After publication any interested party may inspect the application documents and within 6 months from
publication, the applicant may submit a written request for the substantive examination. Now the IPO,
during the examination may grant or refuse the patent. In case of refusal the applicant may appeal to
the director of the bureau of patents and if granted then the patents will be published.

Now take note that a publication already grants the applicant certain rights under section 46, specifically
the right to bring civil actions for infringement against any person who without authorization from the
applicant has wrongfully exercised the rights properly belonging to the applicant in relation to the
invention claimed in the published patent application provided that the offender had actual knowledge
that the invention that he was using was the subject matter of a published application or had received
written notice that the invention that he was using was the subject matter of a published application
being identified in the said notice by its serial number.
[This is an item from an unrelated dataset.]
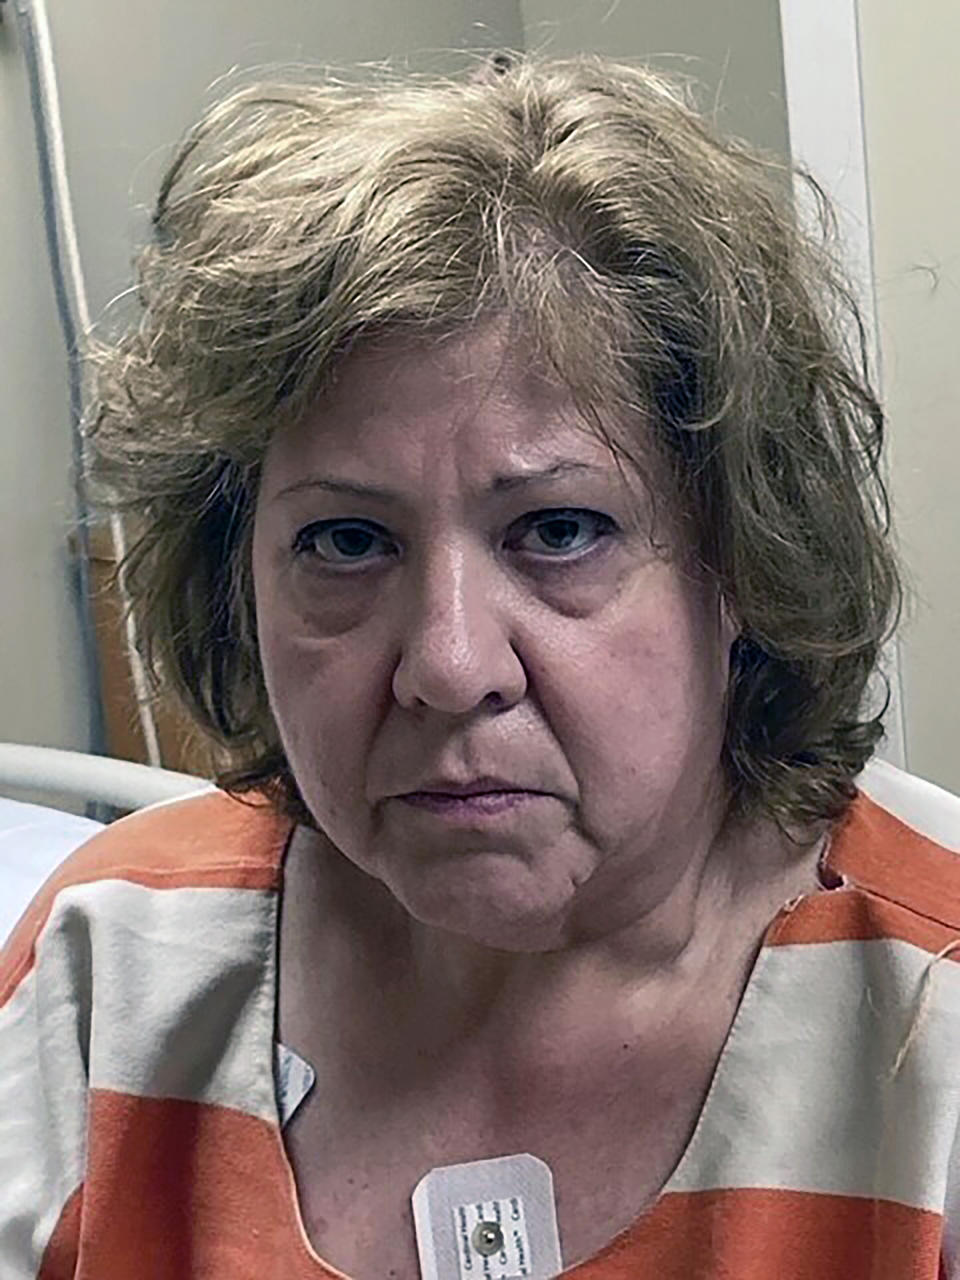 This image provided by the Marion County Sheriff’s Office shows Susan Lorincz, accused of fatally shooting her neighbor, Ajike Owens, a Black mother of four. Lorincz was arrested Tuesday, June 6, 2023. (Marion County Sheriff’s Office via AP)

However, take note that the action may not be
filed until after the grant of a patent on the published application and within four (4) years from the
commission of the acts complained of. So there’s a time limit within which to bring the action even
though he has a right by virtue of publication the applicant still has to observe the time limit given in the
law. Now at the time of the making of this episode the IPO allows the electronic application filing for
patents.

Under section 59, tells that the owner of a patent shall have the right to request the Bureau to make the
changes in the patent in order to:

(a) Limit the extent of the protection conferred by it;


(b) Correct obvious mistakes or to correct clerical errors; and
(c) Correct mistakes or errors, other than those referred to in letter (b), made in good faith: Provided,
That where the change would result in a broadening of the extent of protection conferred by the patent,
no request may be made after the expiration of two (2) years from the grant of a patent and the change
shall not affect the rights of any third party which has relied on the patent, as published.